On 3 February 2026, the coalition patron, Former President Uhuru Kenyatta, announced that Kalonzo Musyoka would take over as party leader following the death of former Prime Minister Raila Odinga.

== Composition ==
It was composed of 26 different parties on registration. On 12 April 2022, the alliance consisted of mainly 23 parties: As of March 2026, its member parties were National Rainbow Coalition-Kenya (Narc-K), Labour Party of Kenya (LPK), Wiper Democratic Movement (WDM), Party of National Unity (Kenya) (PNU), Orange Democratic Movement (ODM), Jubilee Party (JP), National Rainbow Coalition (NARC), Kenya African National Union (KANU), Chama Cha Uzalendo (CCU), United Party of Independent Alliance (UPIA), Muungano Party (MP), Ubuntu People’s Forum, United Democratic Party (Kenya) (UDP), Kenya Reforms Party (KRP), Peoples Trust Party (PTP), National Liberal Party (NLP), Movement for Democracy & Growth (MDG), United Progressive Alliance (UPA), Democratic Action Party (Kenya), Party for Peace and Democracy (PPD), Kenya Union Party (KUP), Party for Growth and Prosperity (PGP).

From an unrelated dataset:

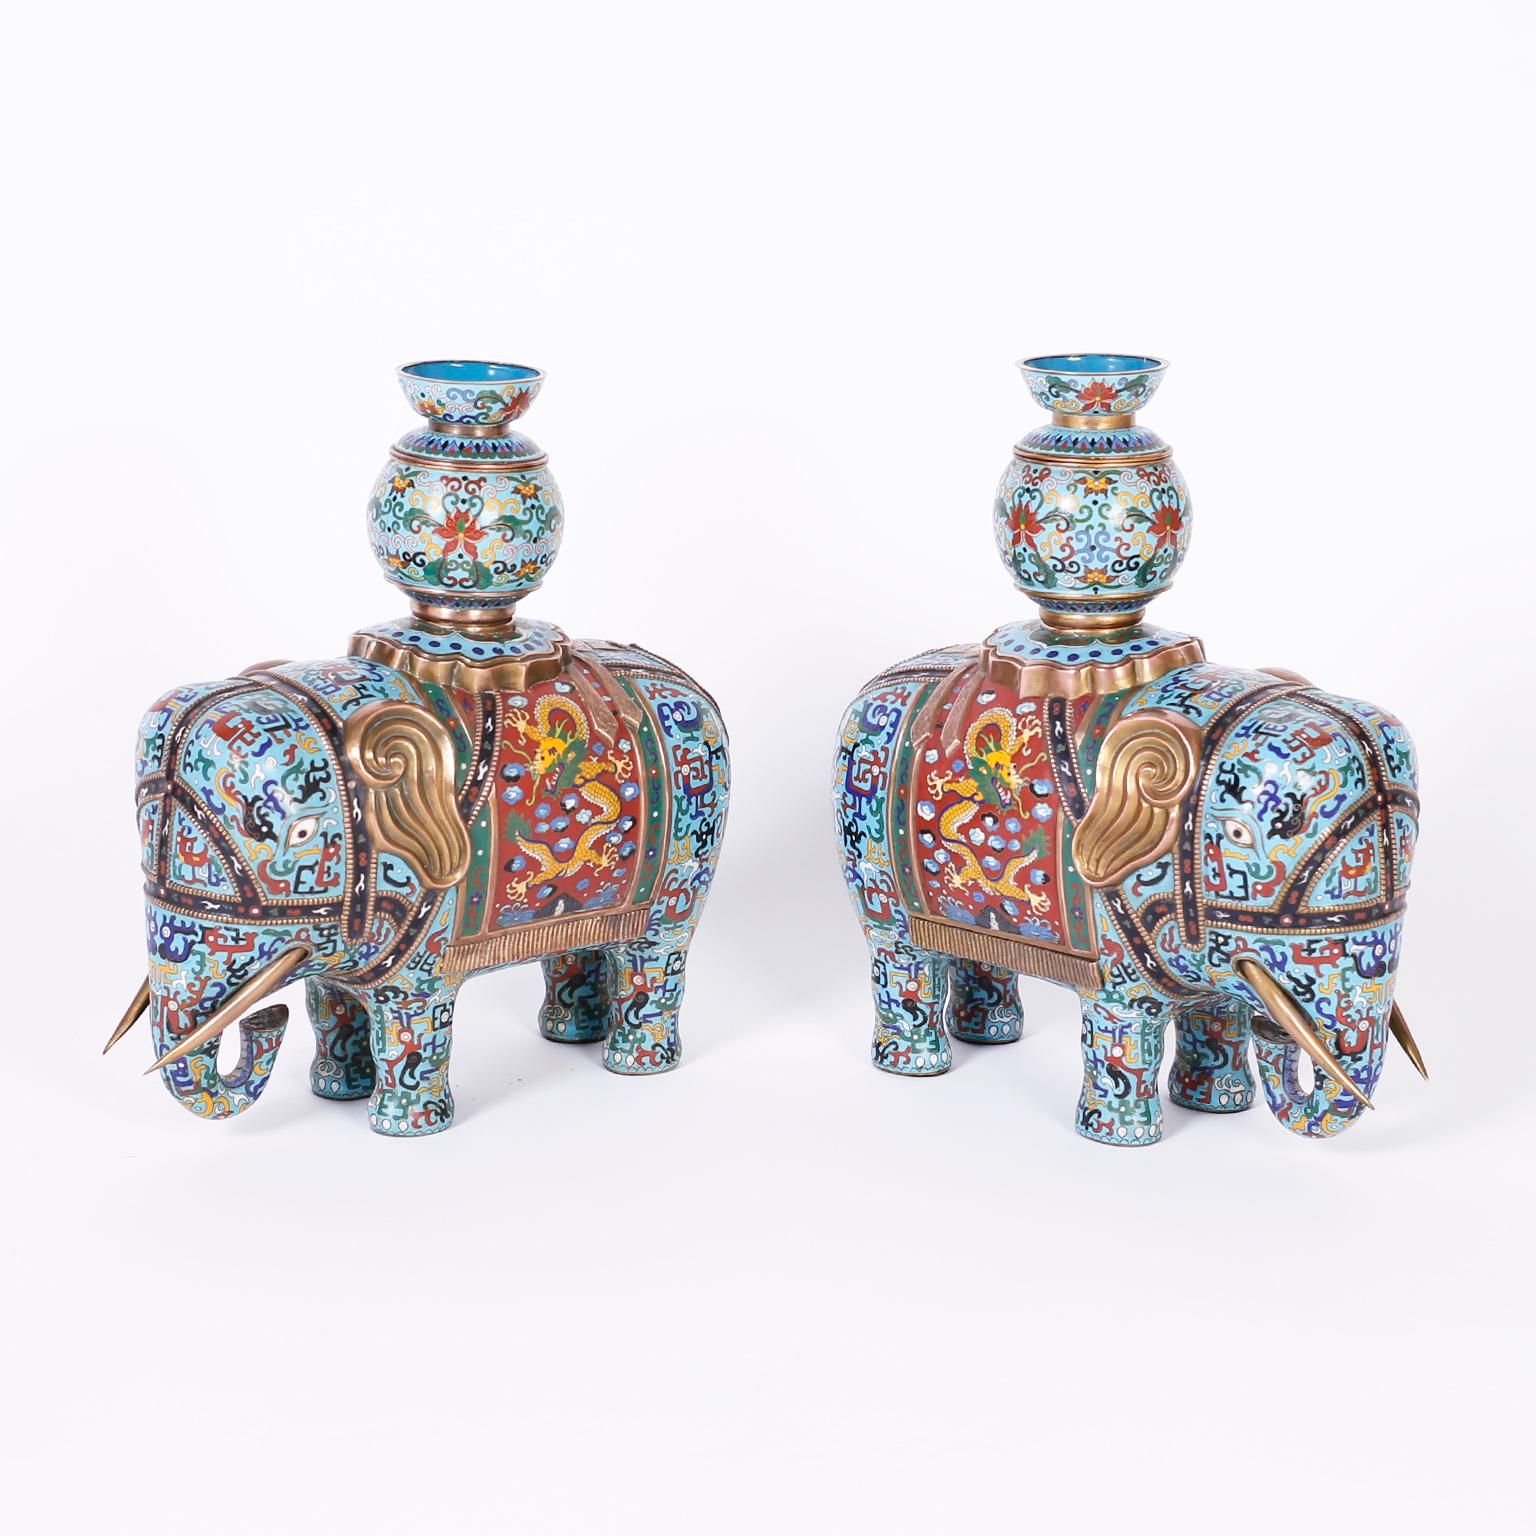 Pair of antique Chinese cloisonné or enamel on copper elephants decorated with colorful geometric symbols over an alluring blue background and contrasting saddle blanket with a gold dragon, the incense burner tops are conveniently removable.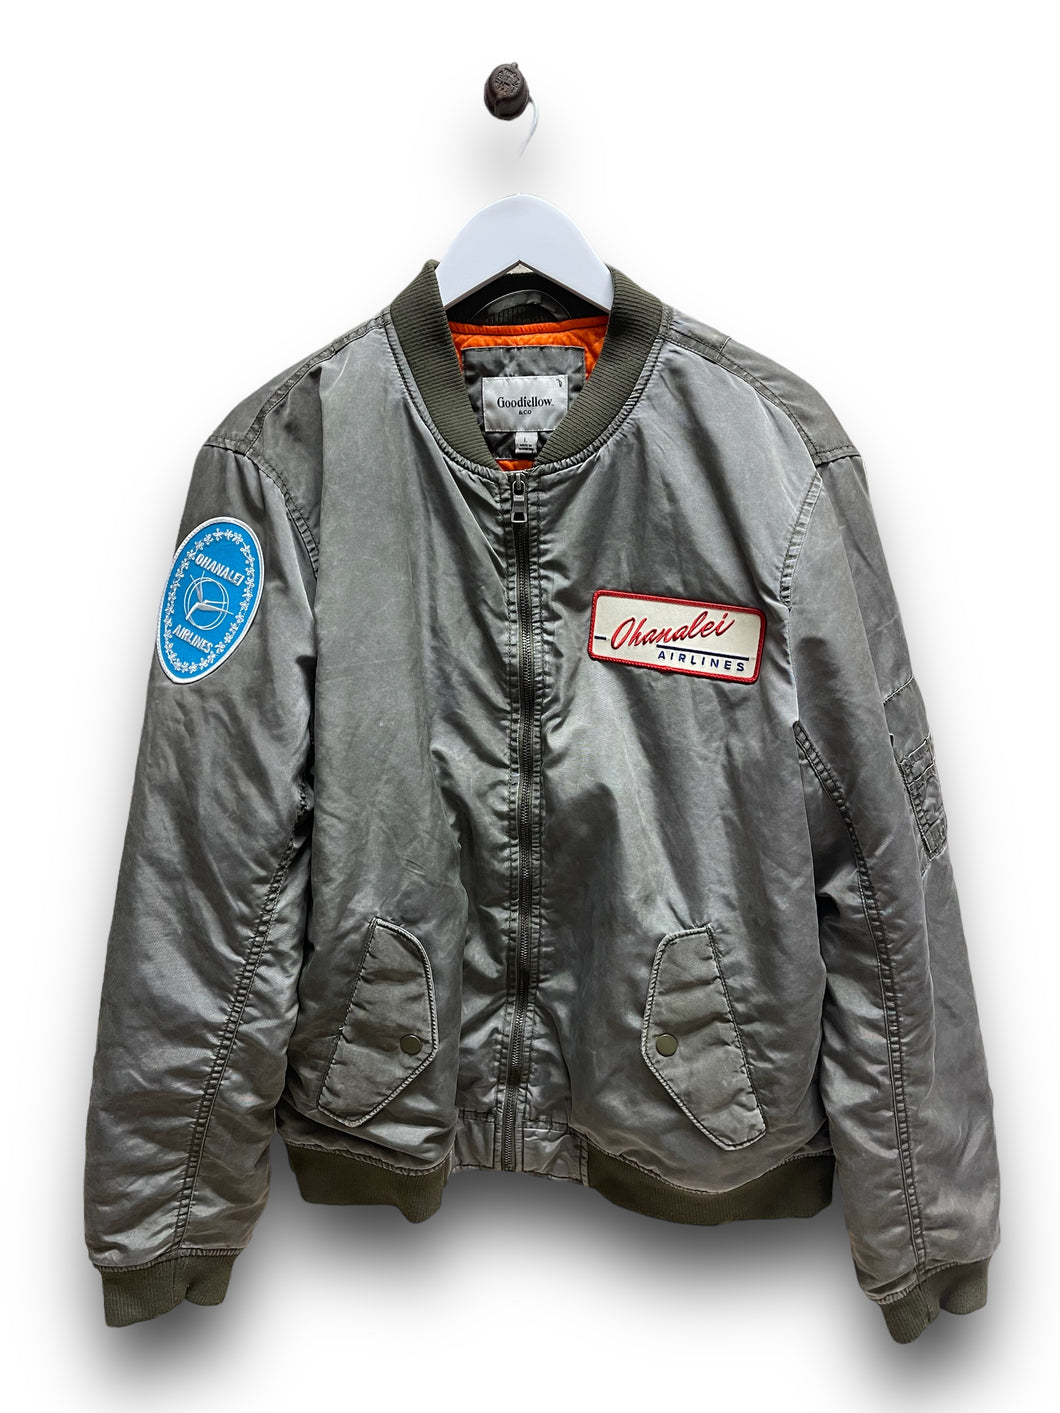 Ohanalei Vintage - Bomber Jacket with Ohanalei Air Patches

== 2026 planned ODM exit ==
On 2 February 2026, the Azimio Coalition Party Council and National Executive Committee, removed Junet Mohamed as the coalition's secretary general, replacing him with Caroli Omondi, Raphael Tuju replaced with Philip Kisiwa as executive director and Kalonzo Musyoka as the new party leader. These actions were taken due to the individuals' support of the government, which is at odds with Azimio's official stance. The council determined to give opportunities to new parties to join the coalition. ODM responded by issuing a 90 day formal notice of withdrawal from the Azimio Coalition by its National Executive Committee. Acting ODM leader Oburu said the Orange Democratic Movement was not consulted and termed the moves as "inconsequential", since ODM was the largest party in the coalition. On 9 March, the coalition removed Junet Mohamed as leader of its parliamentary group, replacing him with Suba South MP Caroli Omondi.